Privacy and freedom of speech require Free Software

For a few weeks I have been working on a 3 fold leaflet about privacy and Free Software. The text and basic layout are pretty much done.

The main point of the leaflet is that in the internet age, Free Software is a necessary condition for us to have some basic rights (privacy and freedom of speech..) because of the collective control is grants to users. It also clearly states that Free Software is not sufficient.

The leaflet targets a non technical audience, people who already care about privacy but don’t get the link between it and technological choices.

I need you!
No matter how much I want this leaflet to be ready for print and distribution soon, I am facing my own limits: I don’t have the skills, time and knowledge to create attractive and meaningful graphics for the leaflet, nor to do the general design work.

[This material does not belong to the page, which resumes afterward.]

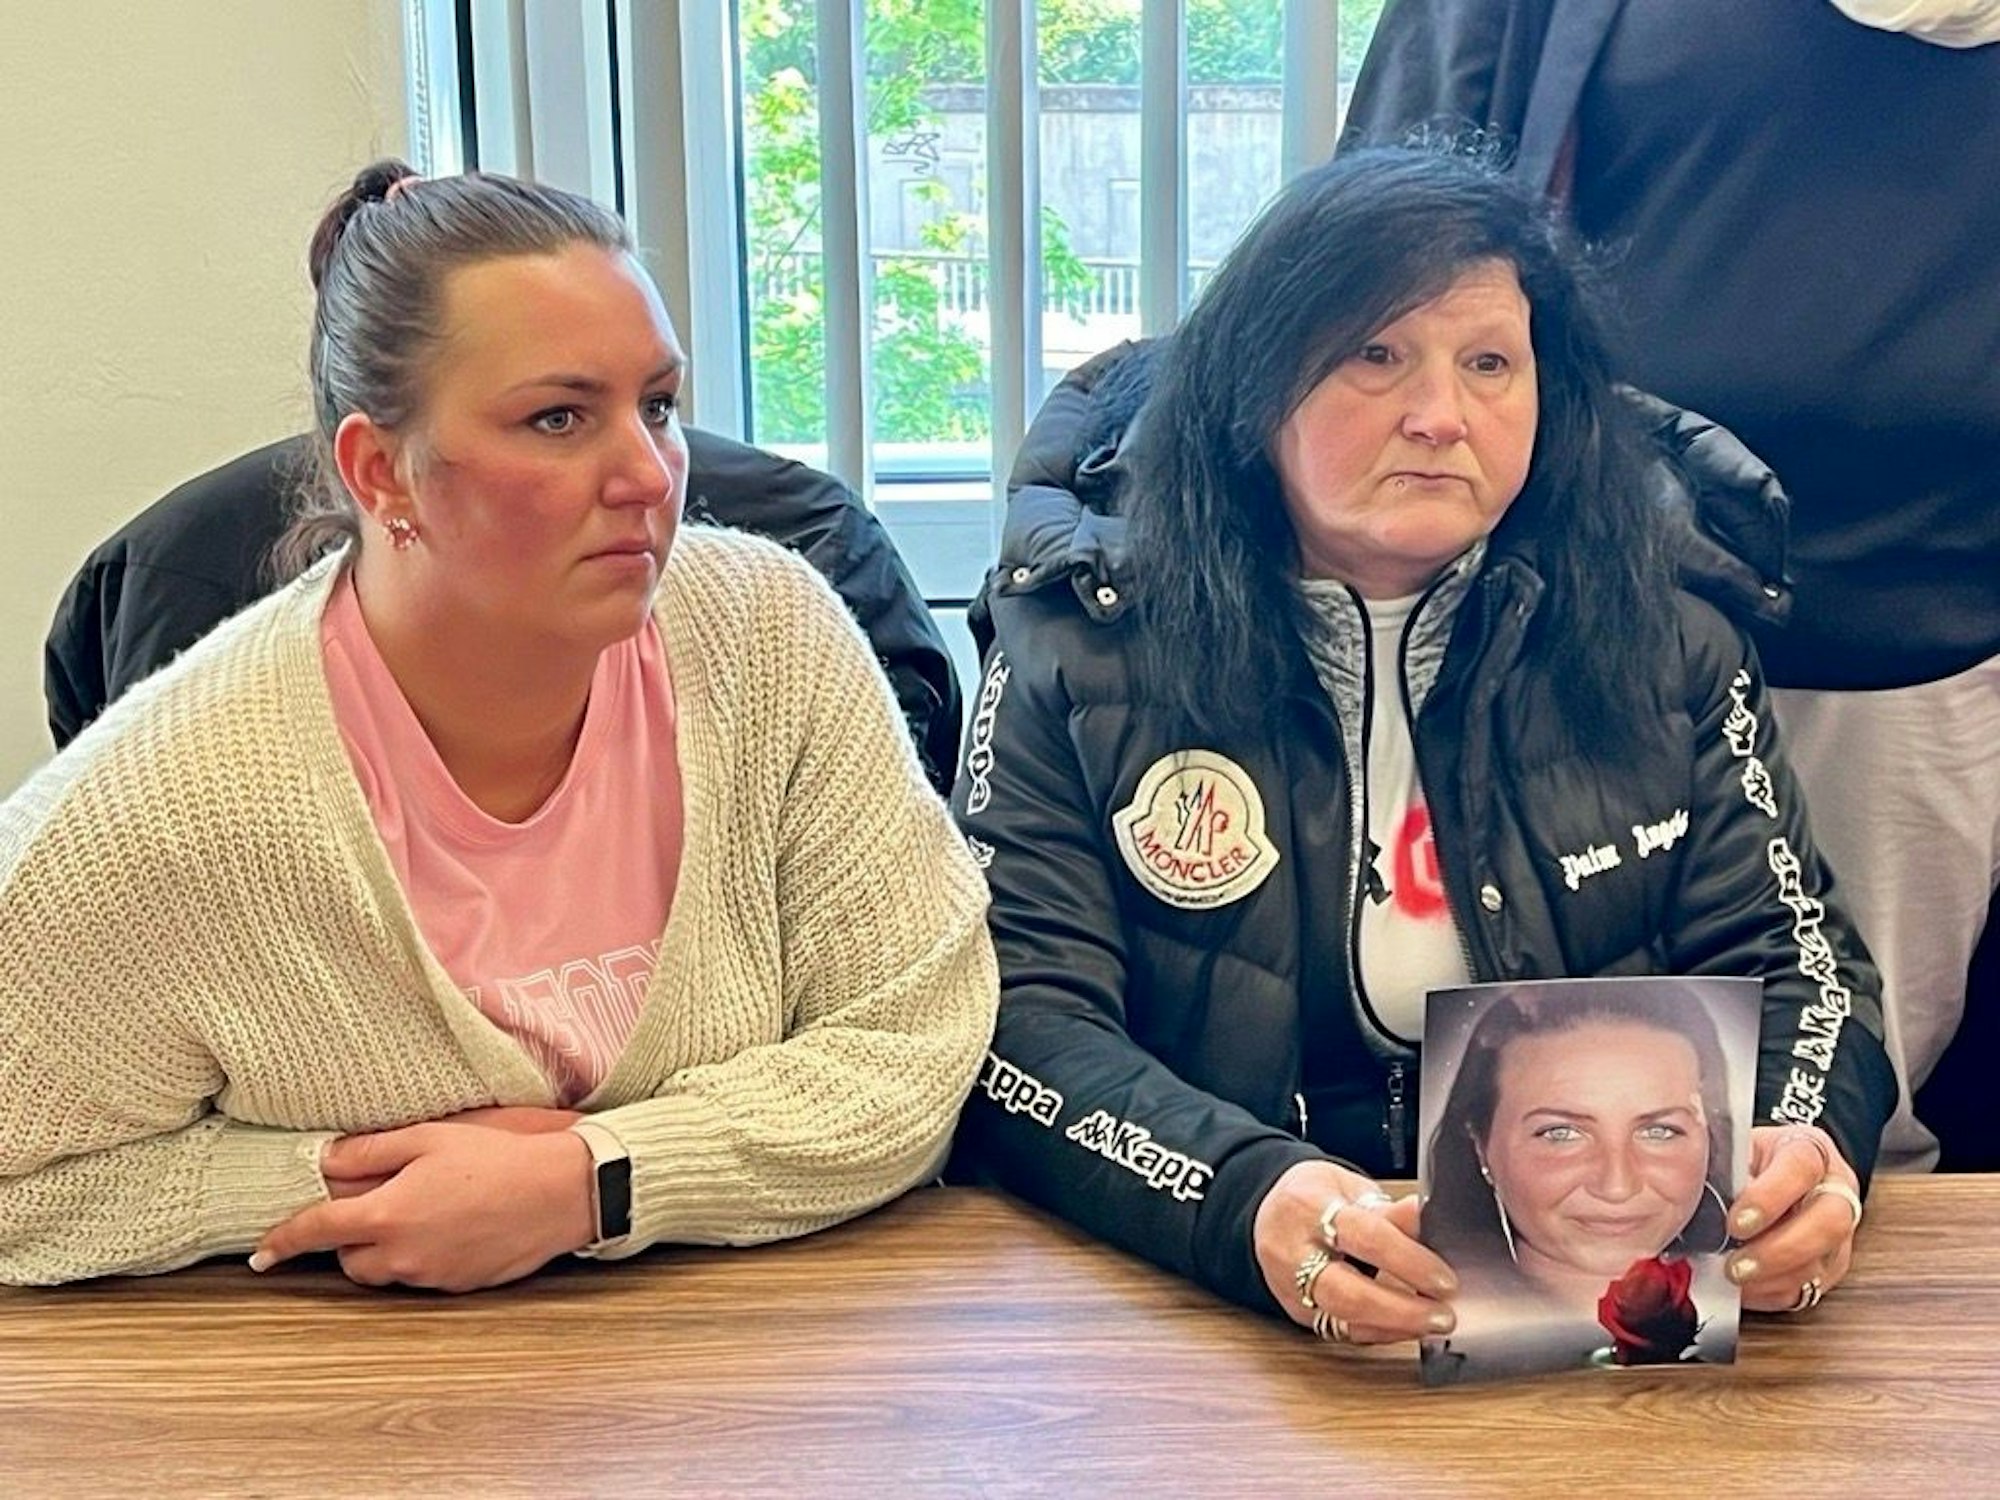 Zwei Frauen sitzen im Gerichtssaal und zeigen ein Bild.

You’re a designer, illustrator or graphic artist, care about privacy and want to contribute? Welcome! Join! Please use the Contact form on the right side of this page. I’ll send you the drafts and we can improve it.

If you don’t have anything to do with design but still care about privacy and Free Software, please contact me too. Several brains are worth much more than a single one.

Schneier on Risk

Bruce Schneier, security expert and EFF board member, wrote an article about our rejection of risk and the consequences it has on basic liberties. Interesting new piece of input about the link between freedom and security.

I graduated from a Masters called Risk, Science, Environment and Health and therefore love the link he makes between risk apprehension and freedom. Natural risks and risks coming from humans are different.

 

We’re afraid of risk. It’s a normal part of life, but we’re increasingly unwilling to accept it at any level. So we turn to technology to protect us. The problem is that technological security measures aren’t free. They cost money, of course, but they cost other things as well. They often don’t provide the security they advertise, and — paradoxically — they often increase risk somewhere else. This problem is particularly stark when the risk involves another person: crime, terrorism, and so on. While technology has made us much safer against natural risks like accidents and disease, it works less well against man-made risks.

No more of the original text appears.